Friday, October 08, 2004

 

Bubblewrap not good for president

The Washington Post reports that some of Bush's advisors think the bubblewrap has been wrapped too tight around their boy this year and that it hurt him in the debate.
Bush's Isolation From Reporters Could Be a Hindrance; Some Presidential Advisers Worry That He Could Pay Price During Debates for Being Overprotected

By Mike Allen
Washington Post Staff Writer
Friday, October 8, 2004

Tonight's town-hall audience of about 100 will ask 15 to 20 questions and will consist of an equal number of voters who say they lean toward Bush or Kerry but could change their minds, plus a few who say they are undecided. Bush's debate negotiators had sought to eliminate the event from the debate schedule because they were concerned that partisans could pose as uncommitted voters and slip in with tough or argumentative questions.
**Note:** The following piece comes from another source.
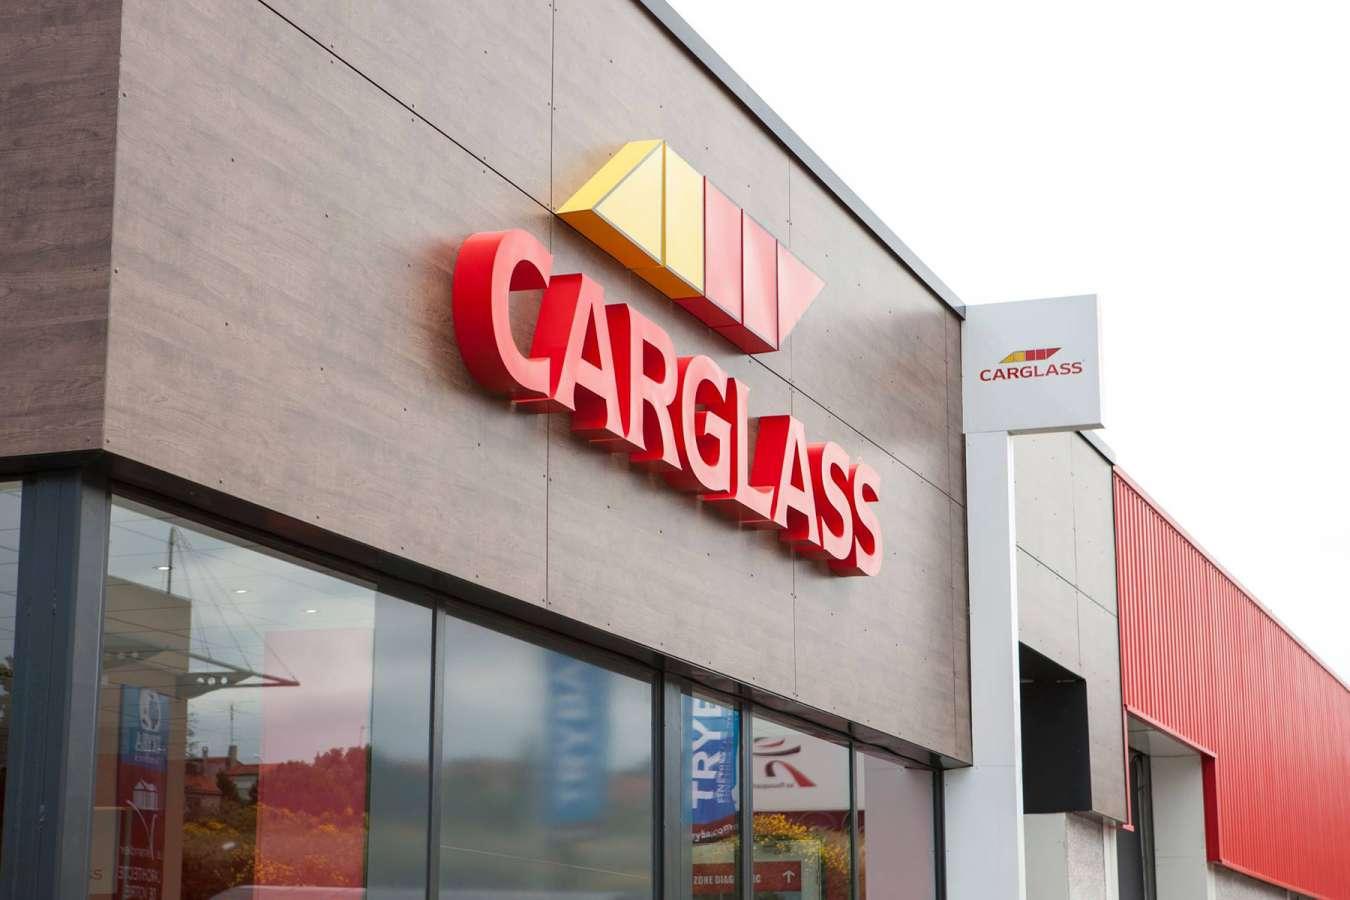 FR_Comment Carglass optimise sa reputation sur les reseaux sociaux_Subbed

Although all presidents are kept somewhat removed from reality because of security concerns and their staffs' impulse for burnishing their image, Bush's campaign has taken unprecedented steps to shield him from dissenters and even from curious, undecided voters. On the way to the forum outside Cleveland, the media buses that went ahead of Bush were temporarily marooned in a church parking lot because police had been told to divert all buses since they could contain demonstrators.

Bush's handlers have pulled the presidential bubble especially tight during the campaign, but he often has kept his distance from the public and the media throughout his term. He rarely plays tourist on trips, and has held the fewest solo news conferences of any president since records were kept.
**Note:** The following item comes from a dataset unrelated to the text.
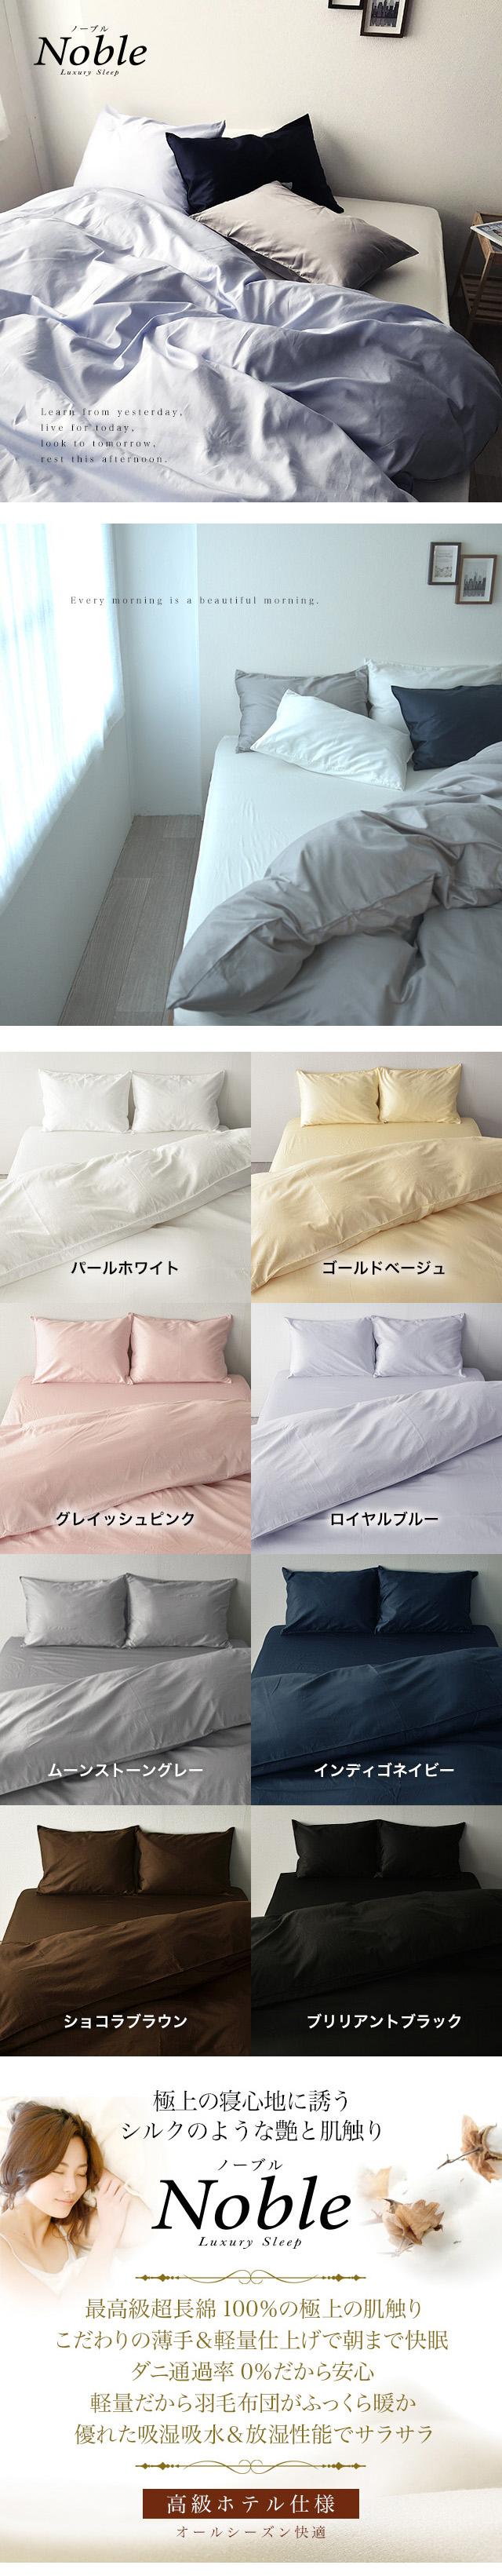 超高密度織りスレッドカウント330本枕カバー

Bush has held 15 solo news conferences since taking office. At the same point in their presidencies, according to research by Martha Joynt Kumar of Towson University in Maryland, Bill Clinton had held 42; George H.W. Bush, 83; Ronald Reagan, 26; Jimmy Carter, 59; Gerald R. Ford, 39; Richard M. Nixon, 29; Lyndon B. Johnson, 88; John F. Kennedy, 65; and Dwight D. Eisenhower, 94.


Of course, they don't quote any actual Bush advisors on this (which Bush advisor would dare permit his name to be used). You wonder if anyone actually brought this up with the president; you also wonder how much the bubble strategy was actually discussed with the president, or if his people did it on their own, for the obvious reasons. Especially because of this quote:

Wayne Fields, a specialist in presidential rhetoric at Washington University, said the first debate showed Bush had been overprotected. "If you don't talk to the press and deal with audiences with some degree of skepticism, you can't build understanding so people have confidence in you in hard times," Fields said. "His handlers think they're doing him a favor, but they're not."


They obviously never thought it would come to this back in August when they were building up their big lead over Kerry. They figured they would try a sort of mobile "Rose Garden" strategy - take the president out on the road but make sure he never faced anything other than a friendly audience. They figured they had the election won, so why take any risks?

Which makes the president's woeful lack of preparedness for last Thursday's debate almost inexplicable. I think they've grown over the past few years to think they really are invincible and omnipotent. I think they really are as divorced from reality as they've seemed recently. I don't think it's simply a desperate hope that if they stay immovably on message that they can fake their way through the mess they're in. I think they don't see the mess. The president is not the only one living in a bubble.